EU chief Donald Tusk warned on Tuesday that US President Donald Trump's administration was a "threat" facing the bloc along with China, Russia and radical Islam.
In a strongly worded letter to EU leaders ahead of a summit in Malta, Tusk said the bloc must take "spectacular steps" to stay together and should take advantage of Trump's isolationism to boost trade with other countries.
The former Polish prime minister said in the wake of the Brexit vote the European Union faced "three threats" that made the 28-nation bloc's situation "more dangerous than ever before."
"The first threat, an external one, is related to the new geopolitical situation in the world and around Europe," European Council president Tusk said in the letter obtained by AFP.
"An increasingly, let us call it, assertive China, especially on the seas, Russia's aggressive policy towards Ukraine and its neighbours, wars, terror and anarchy in the Middle East and in Africa, with radical Islam playing a major role, as well as worrying declarations by the new American administration all make our future highly unpredictable," Tusk said.
"Particularly the change in Washington puts the European Union in a difficult situation; with the new administration seeming to put into question the last 70 years of American foreign policy," Tusk added.
The second threat, said Tusk, was the internal challenge posed by a rise in anti-EU nationalism, and the third was the "state of mind of the pro-European elites" who were too keen to pander to populism to win votes.
EU leaders have become increasingly concerned by Trump's recent ban on migration from seven Muslim countries, plus comments in which he appeared to back Britain's exit from the EU and the eventual break-up of the union.
All 28 EU leaders will discuss Europe's migration crisis at Friday's summit in Valletta, Malta.
They will then meet without British Prime Minister Theresa May to discuss the future after Brexit, and preparations for a summit in Rome in March to mark the 60th anniversary of the EU's founding treaty.
Tusk added that "only together can EU countries be fully independent. Disintegration will only result in dependence on USA, Russia and China."
"We must therefore take assertive and spectacular steps that would change the collective emotions and revive the aspiration to raise European integration to the next level," he said.
These included securing Europe's borders, boosting the economy and increased cooperation on defence and security, Tusk added.

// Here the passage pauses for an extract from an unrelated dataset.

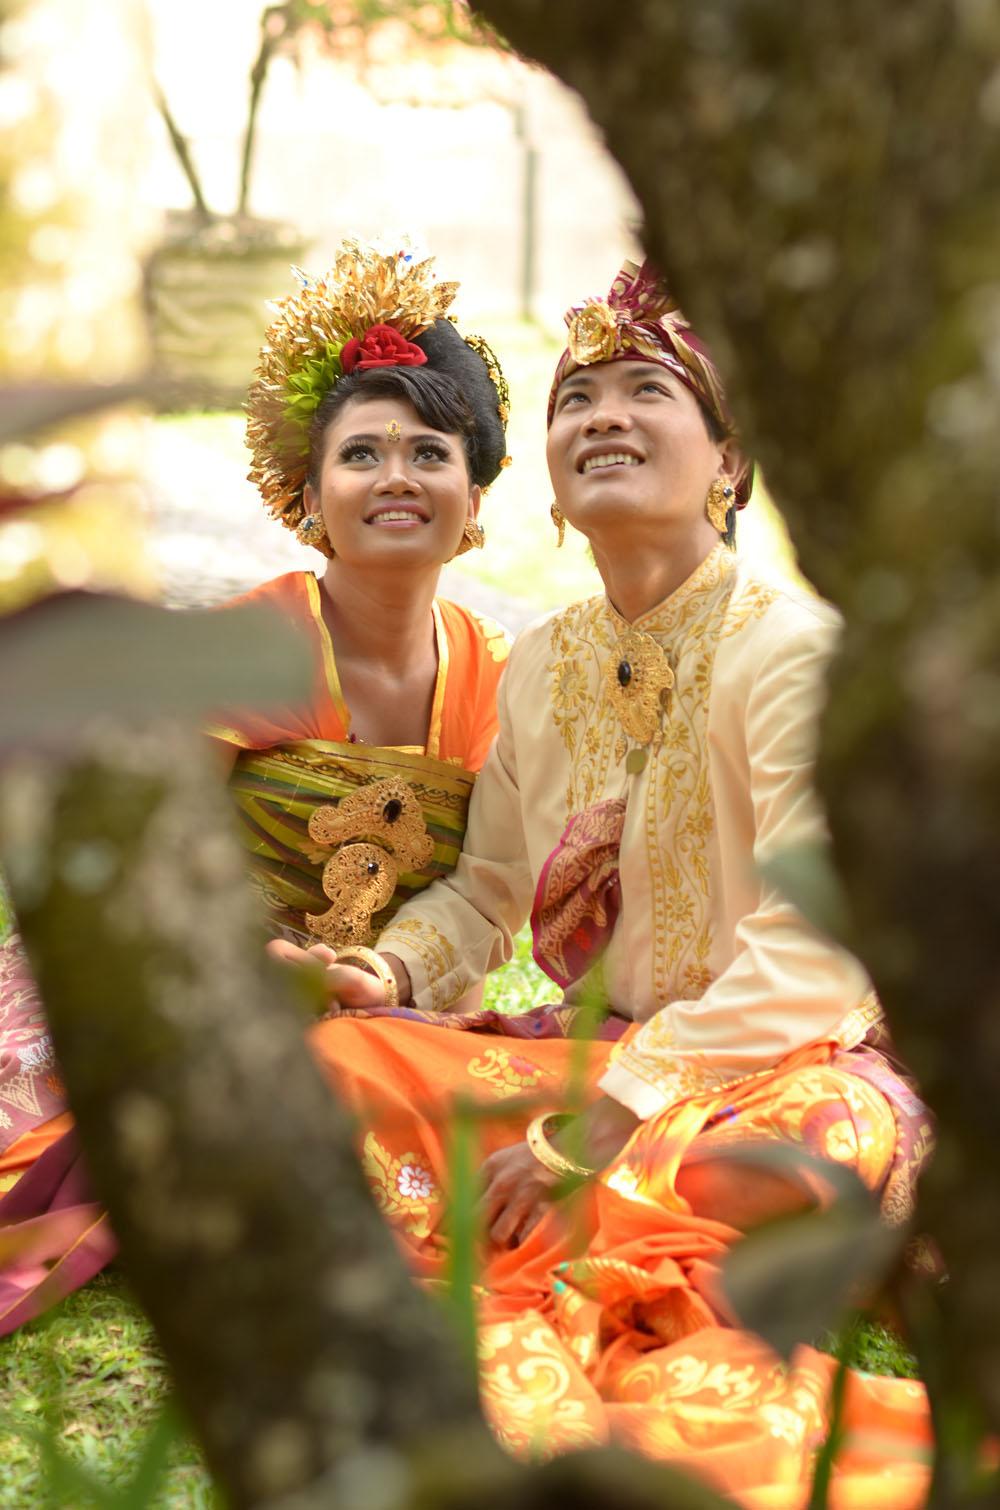 Ardi Yuli Wedding Pre Wedding Adat Bali, ardi yuli wedding pre wedding ...

Europe should in the meantime seek to boost its own trade with the rest of the world even as the United States tightens its frontiers.
"We should use the change in the trade strategy of the US to the EU's advantage by intensifying our talks with interested partners, while defending our interests at the same time," Tusk added.
But he warned that European-American ties were still essential for the future.
"We cannot surrender to those who want to weaken or invalidate the transatlantic bond, without which global order and peace cannot survive," he said.
"We should remind our American friends of their own motto: United we stand, divided we fall."